Now is precisely the wrong time for social democrats to turn our backs on the progressive internationalist legacy of which we can be rightly proud. Inequality is not an unfortunate and inevitable abstraction. These trends can be reversed, and we need to spell out alternatives with clarity and confidence.
We need to recognise fair development is the highest priority policy issue for anyone who opposes unfairness and poverty.
We need to support the creation of wealth and ensure it is distributed to the many, not increasingly to the fortunate one per cent. We need both to champion the tools of development and the tools of fairness. Without both, neither will deliver adequately for the 99 per cent. Only social democracy combines development and fairness by viewing the two as inseparable; that's the point of social democracy.
Reversing the trend towards global inequality requires us to take some positions that social democrats in New Zealand have sometimes resisted.
First, we need to be on the side of switching taxes from income to wealth. When the richest 0.1 percent earn almost half of all capital gains and dividends, the unfair distribution of wealth in New Zealand will not be addressed without taxing capital gains and even capital whether or not it produces income. This is possible if we advocate for replacing some of the tax on incomes of working people with tax on ownership of assets - from earning to owning.

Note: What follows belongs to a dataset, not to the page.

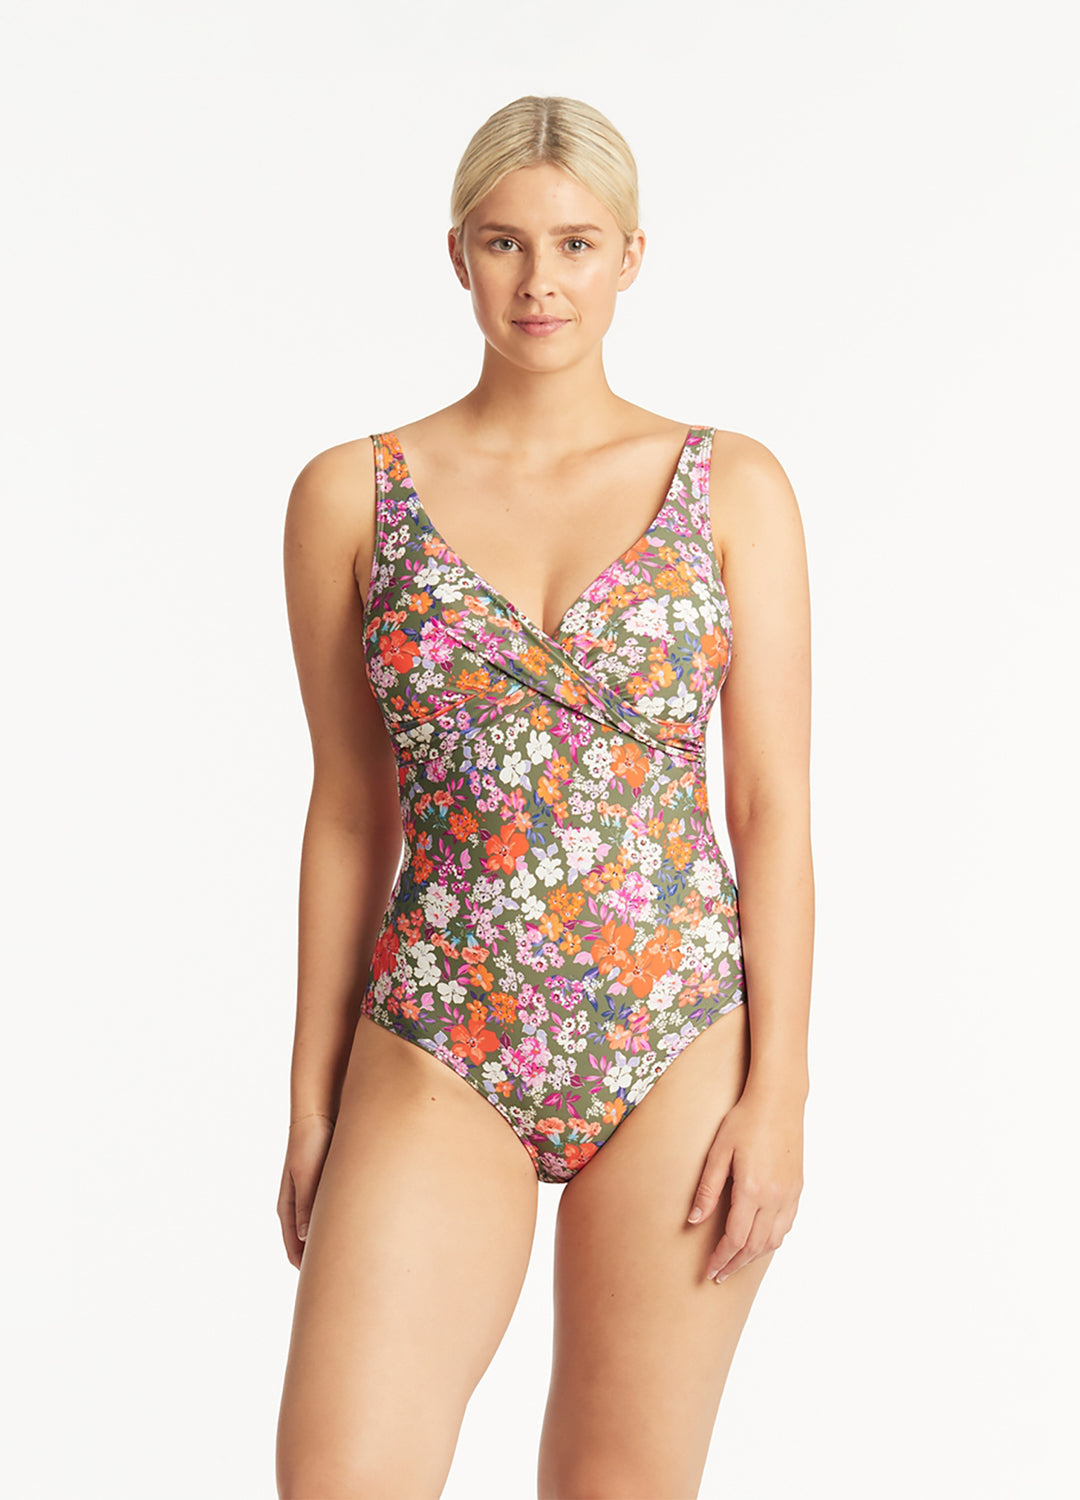 Front view of the Sea Level Swim Australia 'Parkland' Cross Front One Piece Swimsuit in Khaki floral print at Inner Beach Co, Toronto, Ontario, Canada

Second, managed markets do more to reduce poverty than any other system. Not open slather free markets, which accumulate wealth to the one per cent, but managed markets governed by fair rules that allow for enterprise, trade and development. Managed markets were the hallmark of modern successful, developed social economies. It takes a village to create wealth, and when the benefits from economic development are shared by everyone, everyone has an incentive to contribute.
And therefore, third, because you cannot manage markets without the tools for creating rules, extremes of wealth distribution will not be changed without international cooperation.

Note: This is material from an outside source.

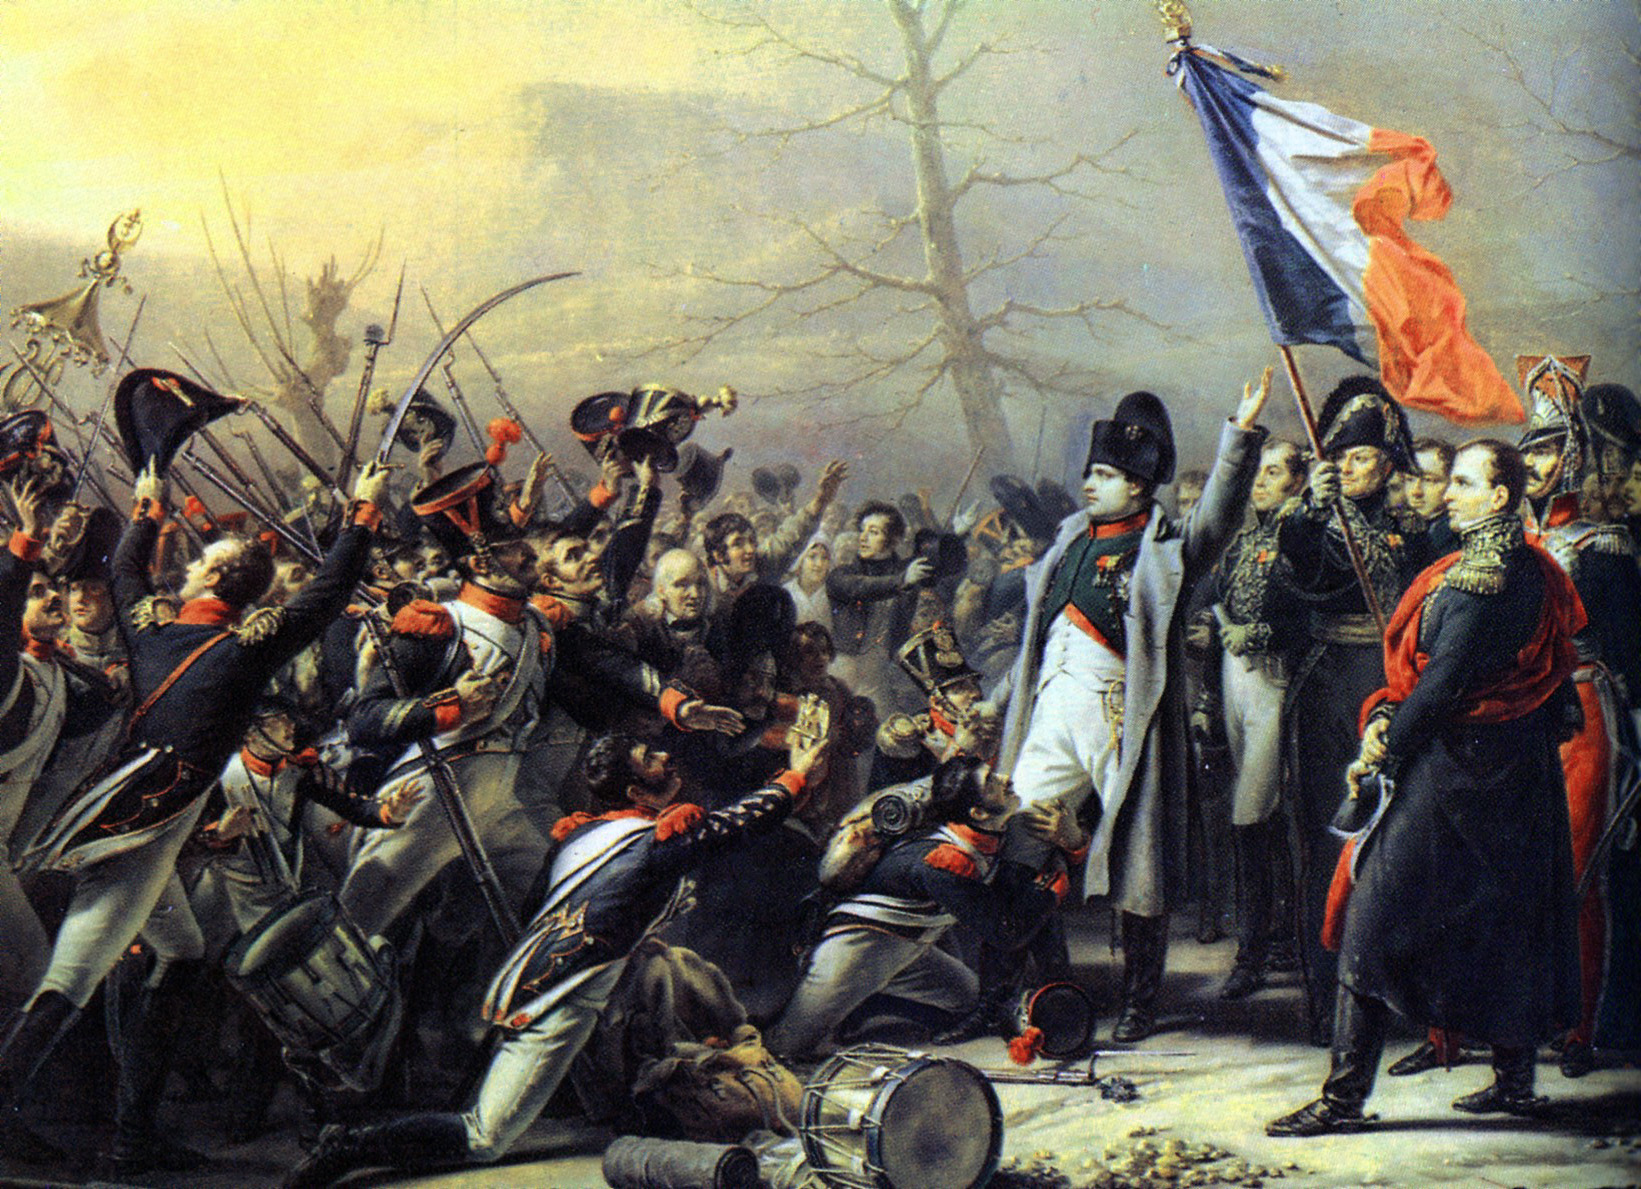 Napoleon’s Hundred Days — Bonaparte and His Army Once Commanded Europe; In the Lead-up to Waterloo, Neither Were Ready for War

There was a time when international solidarity was an article of progressive faith. We need to be internationalists. We are citizens of the world. Social democracy opposes economic nationalism, inward looking reactionaries, and nativists fearful of foreigners, both because we recognise our responsibility to our fellow global citizens, but also because we recognise that we can gain from cooperating.
We need agreements between governments to harmonise tax systems and minimise avoidance. You can't break down entrenched inequality if the owners of capital can hide in another jurisdiction. This is not something that can be fully tackled by a single nation.
We can't have effective tax, trade and investment agreements on the one hand and on the other hand also pledge to pick and choose provisions in agreements to honour or ignore.
Social democrats should advocate loudly for international agreements to include inequality-reducing policy like tax harmonisation and labour rights. And in doing so we can be pragmatic to accept that gains sometimes require tradeoffs. If we are not prepared to accept them, then neither will others and then you might as well give up on efforts to improve the world through cooperation.
Global inequality is the number one issue for the progressive left. We cannot fight for a fairer world of greater opportunity without being confident in our role of caring about people wherever in the world they live. We won’t get a fairer world by opportunistically opposing the taxes necessary to break down the brick walls of privilege, or by opposing the great global trend toward closer integration and more complex value chains.